Pavon grabs one-stroke US Open lead with sizzling start at Pinehurst
World number 24 Pavon stood on six-under at the turn with 36-hole leader Ludvig Aberg of Sweden next on five-under through six holes.
A pack on four-under included Americans Tony Finau, Patrick Cantlay and Bryson DeChambeau while four-time major winner Rory McIlroy and England's Tyrrell Hatton were on three-under.
Pavon sank a six-foot birdie putt at the first and made a tap-in birdie at the par-5 fifth but still trailed after sixth-ranked Aberg sank a 28-foot birdie putt at the third to reach six-under.
But Aberg was short of the green with his approach at the fourth to stumble back just before Pavon took the lead with a birdie putt from just outside 21 feet at the seventh.
Not since Arnaud Massy took the 1907 British Open has a French golfer won a major.
But Pavon became the first French winner on the PGA Tour since Massy's triumph at Royal Liverpool when he won at Torrey Pines in January.
Aberg, April's Masters runner-up in his major debut, could become the first US Open debut winner since 1913, when 20-year-old American amateur Francis Ouimet upset Britain's Harry Vardon and Ted Ray at The Country Club in his hometown of Brookline, Massachusetts.
Aberg was the first debutant since Taiwan's Chen Tze-chung in 1985 to lead the US Open after 36 holes.
Top-ranked Scottie Scheffler was 12 strokes adrift. American Scheffler, the hottest golfer entering the week and a huge favourite, fired a 71 to stand on six-over 216 through 54 holes.
"Another frustrating day," Scheffler said. "I thought I played a lot better than my score. I'm having a lot of trouble reading these greens."
Finau sank an 11-foot birdie putt at the second and tapped in for birdie at the fifth but made bogey at six, finding a bunker off the tee.
Cantlay stumbled with an opening bogey but birdied the fifth.
Cantlay has a chance to move past Collin Morikawa for the final spot on the US team for the Paris Olympics but needs no worse than a two-way share of second to do it.
Morikawa fired a 66 on Saturday to stand on level par 210, closing his round with a 25-foot birdie putt.
DeChambeau, the 2020 US Open winner and runner-up at last month's PGA Championship, fell back with a bogey at the fourth but birdied the fifth.
Hatton birdied the second and made an eagle putt from just inside 14 feet at the par-5 fifth to climb within one of the lead before a bogey at the par-3 sixth dropped him back.
Northern Ireland's McIlroy, seeking his first major win in 10 years, dropped his approach inside three feet at the third hole and sank his birdie putt only to bogey the par-3 sixth after a 10-foot par miss.
'Mental torture chamber'
Only 11 players were under par for the tournament as the perils of Pinehurst took a toll, with its dome-shaped elevated greens and dirt and weeds waste areas.

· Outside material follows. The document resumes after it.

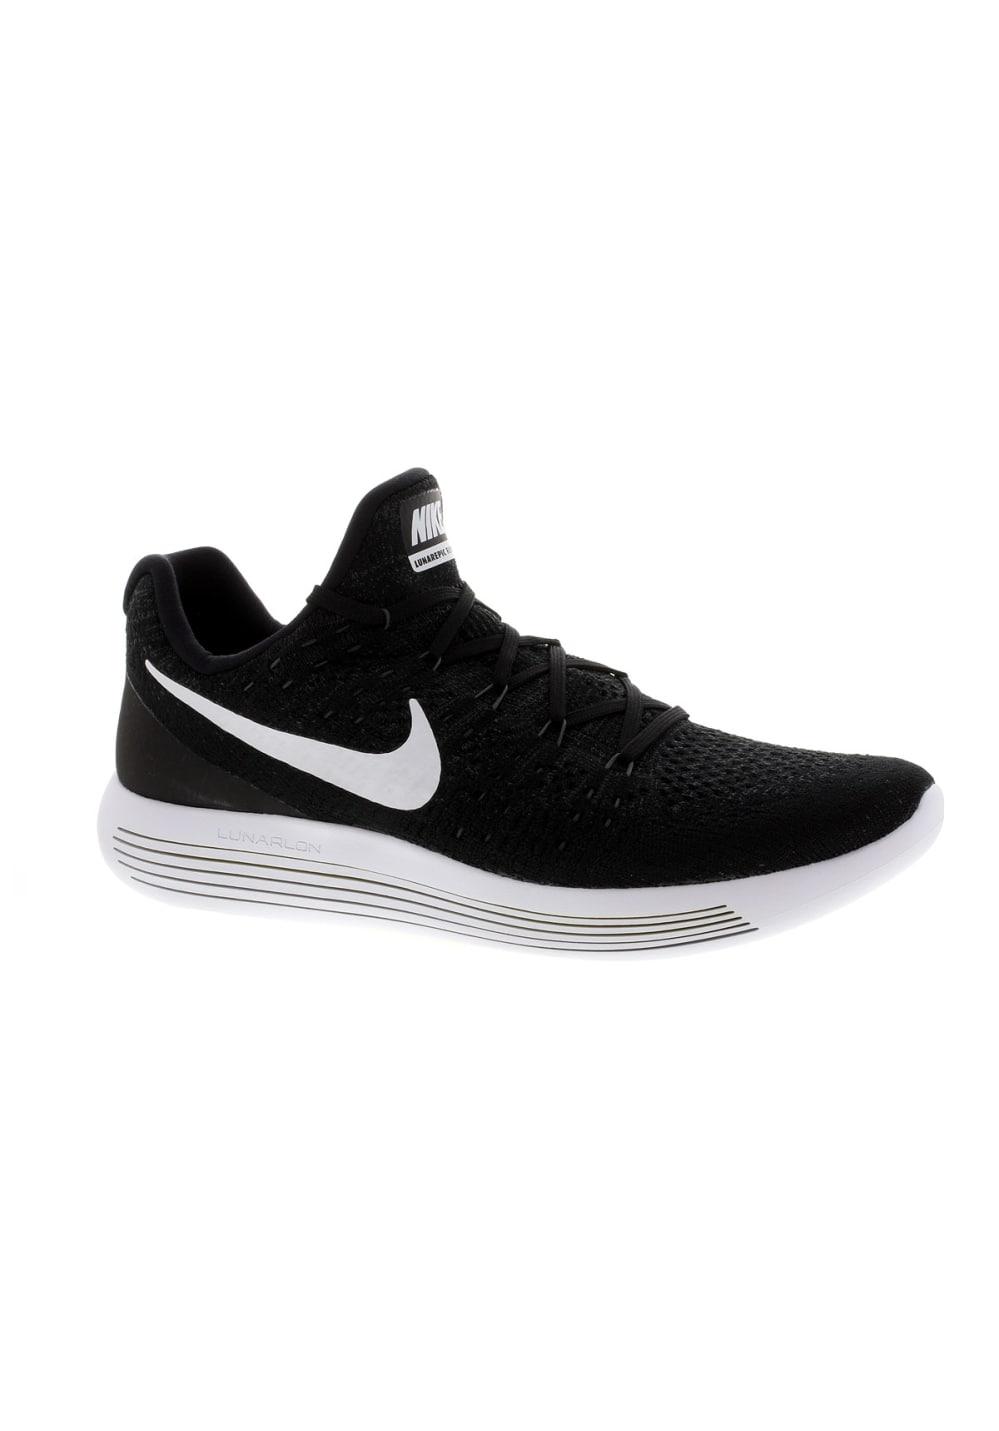 sale retailer ca1dd 11624 Nike Lunarepic Low Flyknit 2 - Running shoes for Men - Black

Scheffler, who made the cut on the number at five-over 145, had three bogeys and two birdies.
"Definitely tricky pin positions," Scheffler said.
Scheffler was the first player since Tom Watson in 1980 to win five US PGA Tour events before the US Open, taking the fifth last week at the Memorial, and has 12 top-10 finishes in 13 events this season.
The usually stoic and calm Scheffler, flipped his putter in the air and slammed down a driver on Friday.
"Golf is a mental torture chamber at times, especially the US Open," said Scheffler, who refused to call the course borderline unfair.
"When it comes to the US Open, 'borderline' is such like a trigger word," he said.